There is a particular exhaustion that comes from pain. And then there is the exhaustion that comes from having to prove that pain exists at all.
Fibromyalgia lives in that second category.
It is not just the flare-ups, the nerve pain, the deep, bone-level fatigue that settles in like weather you cannot outrun. It is the constant translation. The explaining. The recalibrating of your language so that someone else—often a doctor, an employer, a loved one—might understand what your body is doing to you.
And even then, they may not believe you.
This is the quiet, daily negotiation of living with an invisible illness: not only managing the condition itself, but managing how it is perceived. Or dismissed.
Lady Gaga once said she wanted to raise awareness about fibromyalgia “not because it haunts me, but because no one truly believes this illness is real.” It is a statement that lands differently depending on where you are standing. For those outside of it, it may sound surprising. For those living with it, it sounds like confirmation.
Because if someone with global visibility, resources, and access to elite care still has to assert the legitimacy of her condition, what does that mean for everyone else?
What it means is this: belief is not evenly distributed.
Fibromyalgia does not present in ways that are easily measurable. There is no single test that confirms it, no scan that lights up in a way that quiets doubt. It exists in symptoms, in patterns, in lived experience. And in a system that prioritizes what can be quantified, that leaves patients in a precarious position—caught between what they know to be true and what can be formally recognized.
So the burden shifts.
It shifts onto the individual to document, to articulate, to remain composed while describing something that is inherently destabilizing. It requires a kind of performance—measured, credible, consistent—because anything less risks being interpreted as exaggeration.
Or worse, as fabrication.
This is where the comparison begins to feel almost absurd. Trying to explain fibromyalgia to someone who has never experienced it can feel like trying to convince them of something they have already decided does not exist. Not out of cruelty, necessarily, but out of unfamiliarity. Out of the human tendency to trust what can be seen.
But pain does not require visibility to be real.
And yet, without that visibility, it is often treated as negotiable.
Patients are told to push through, to exercise more, to manage stress, to sleep better—as if these were simple corrections rather than complex, often unattainable prescriptions. When those adjustments do not resolve the issue, the implication lingers: perhaps the effort was insufficient. Perhaps the patient is.
Over time, that implication compounds. It seeps into the way people speak about their own bodies. The language becomes tentative. Apologetic. Conditional.
“I think I’m having a flare.”
“I might need to rest.”
“I’m probably just tired.”
It is easier, in some cases, to downplay the reality than to risk being dismissed for stating it plainly.
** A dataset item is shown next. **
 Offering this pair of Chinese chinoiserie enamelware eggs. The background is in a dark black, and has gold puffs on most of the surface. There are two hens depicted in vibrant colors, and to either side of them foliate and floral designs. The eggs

But that erosion of certainty comes at a cost.
Because the truth is, living with fibromyalgia is not just about managing symptoms. It is about maintaining a sense of self in the face of persistent doubt. It is about holding onto your own authority when external validation is inconsistent or absent.
It is about knowing, without proof that satisfies others, that what you are experiencing is real.
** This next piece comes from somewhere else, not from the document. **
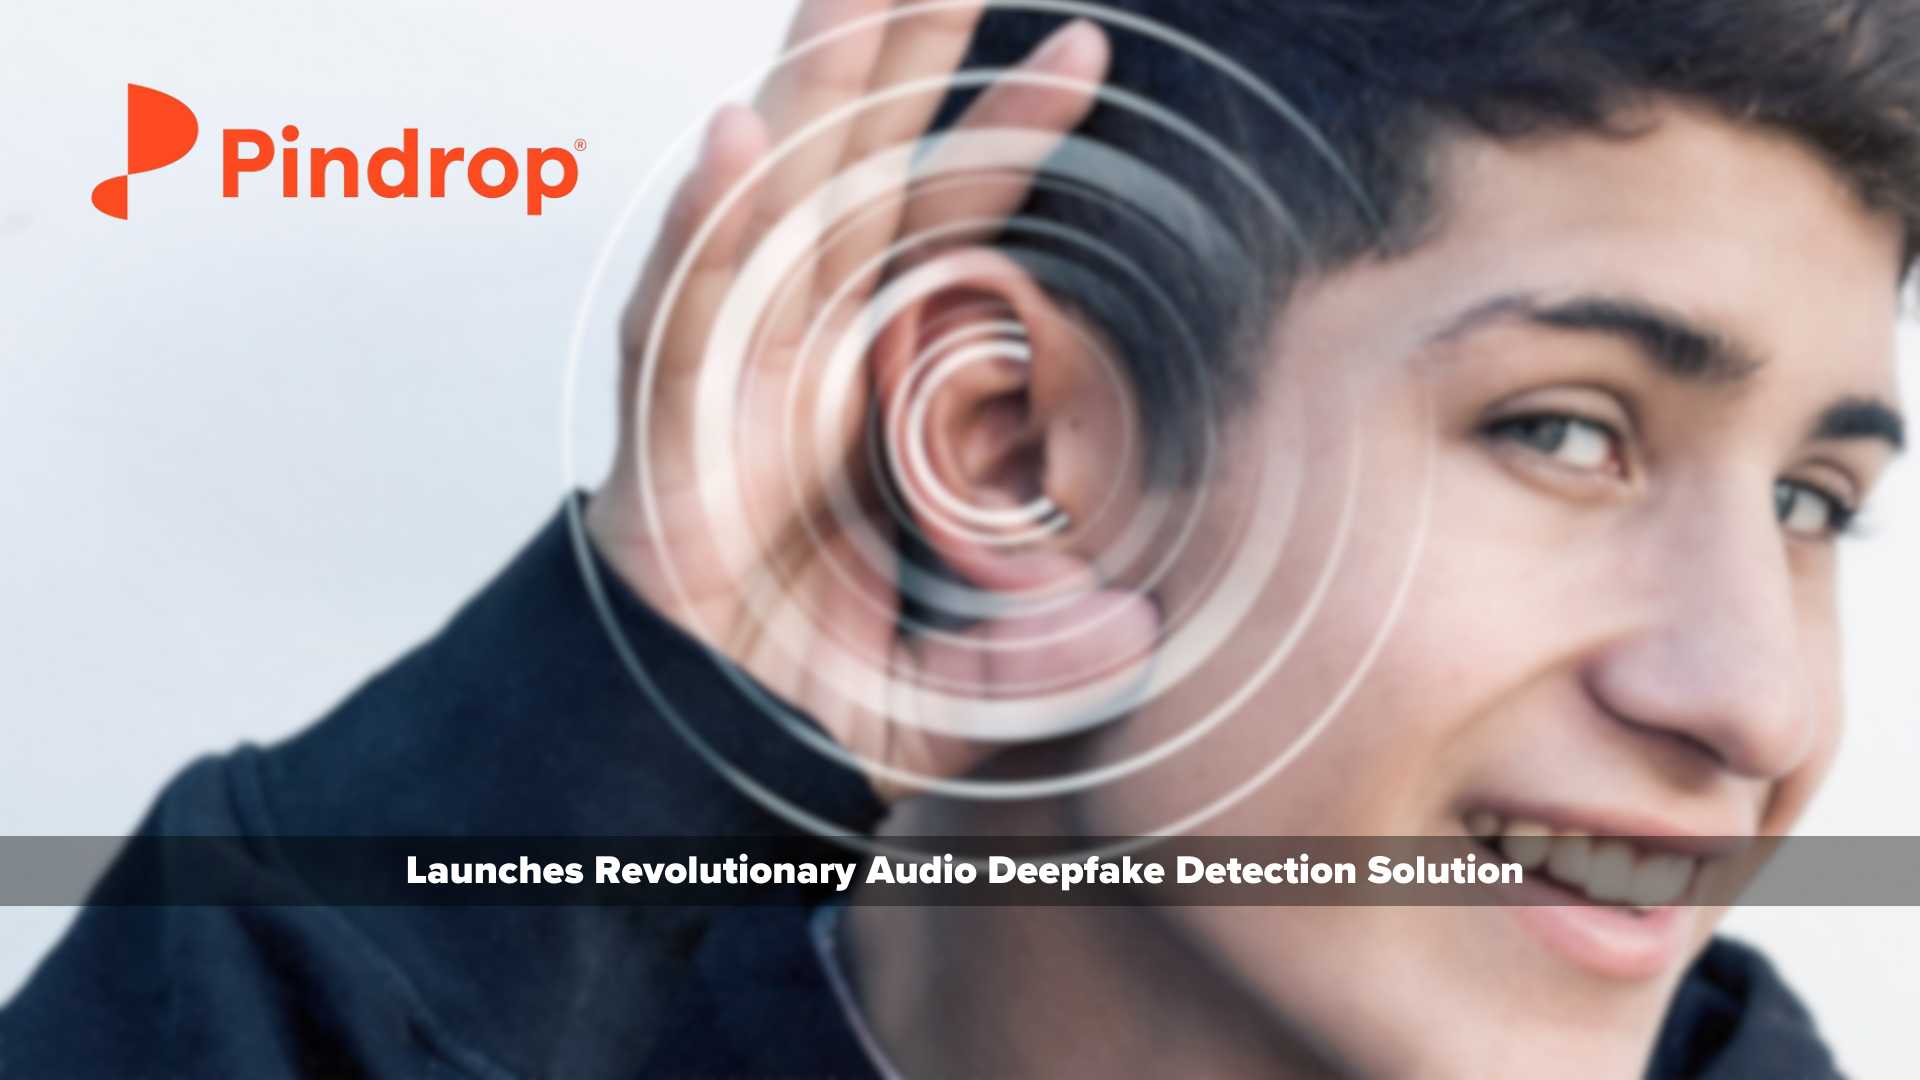 Pindrop Launches Revolutionary Audio Deepfake Detection Solution to Bring Trust Back to Remote Communication

That should not be radical. It should be baseline.
And yet, here we are—still asking patients to justify their pain before they are permitted to treat it. Still structuring care around skepticism instead of listening. Still requiring people to present their suffering in ways that align with expectation rather than reality.
Awareness, then, is not simply about recognition. It is about recalibration.
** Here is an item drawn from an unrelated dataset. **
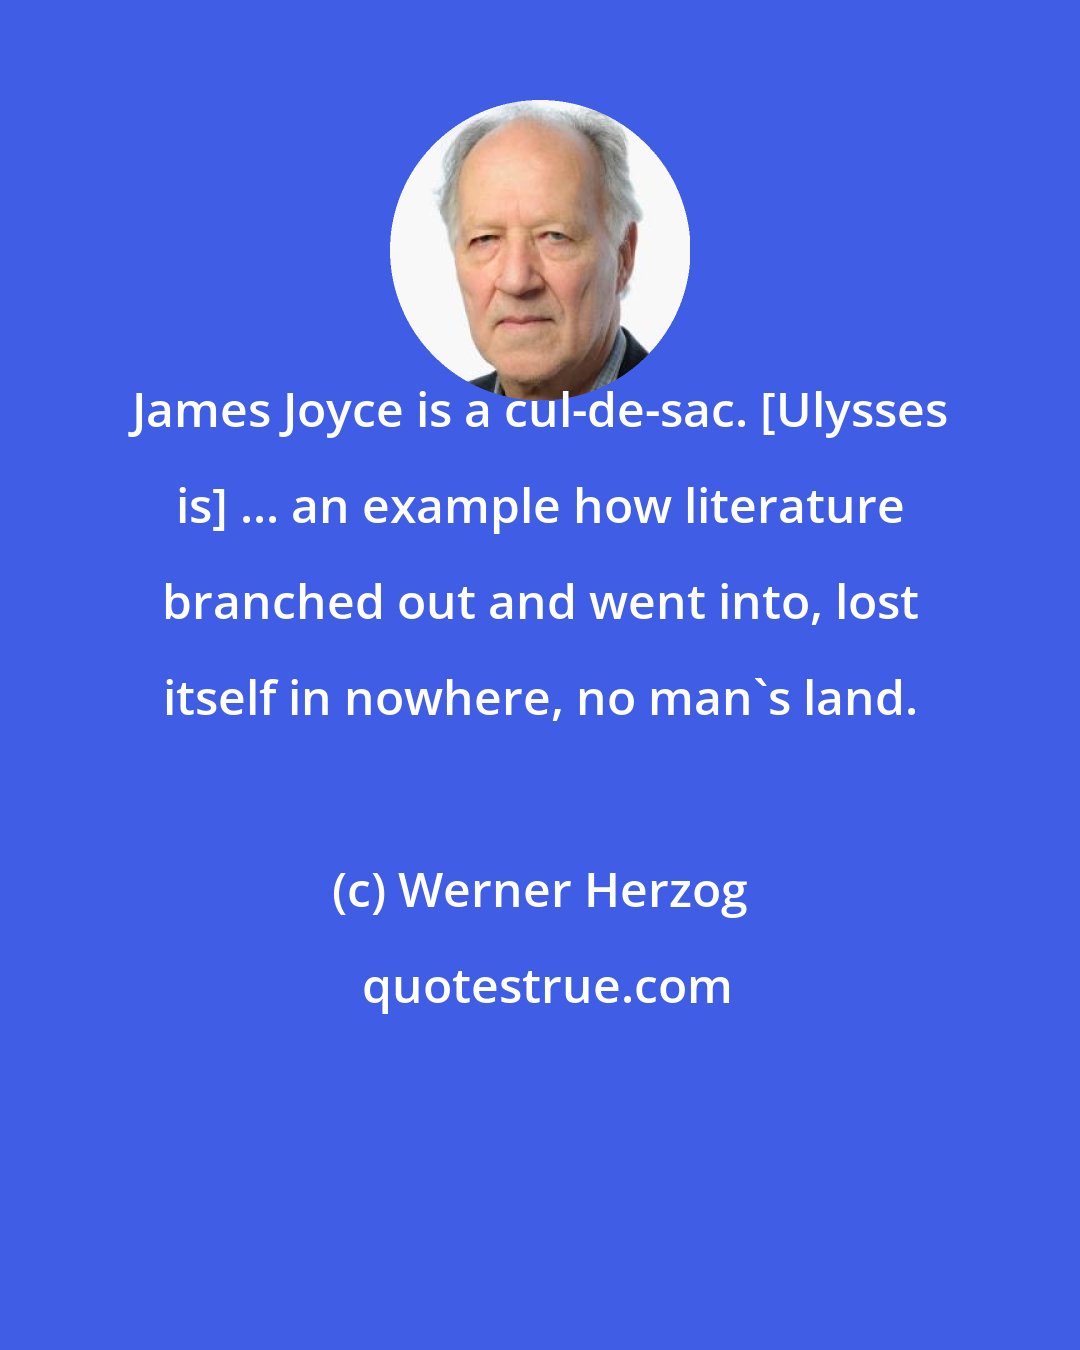 Werner Herzog: James Joyce is a cul-de-sac. [Ulysses is] ... an example how literature branched out and went into, lost itself in nowhere, no man's land.

It is about shifting from a model that demands evidence first to one that begins with belief. It is about acknowledging that not all conditions will fit neatly into existing frameworks, and that this does not make them less legitimate.
It is also about understanding that the cost of disbelief is not abstract. It is measured in delayed diagnoses, inadequate care, and the quiet isolation of feeling unseen in your own body.
Fibromyalgia does not need to be made visible in the traditional sense to be understood. But it does require a willingness to accept that not all truths are easily displayed.
Sometimes, they are carried.
And sometimes, that is enough reason to listen.
With Care,
Tasha Monroe
Founder, Simply Edyn & Co.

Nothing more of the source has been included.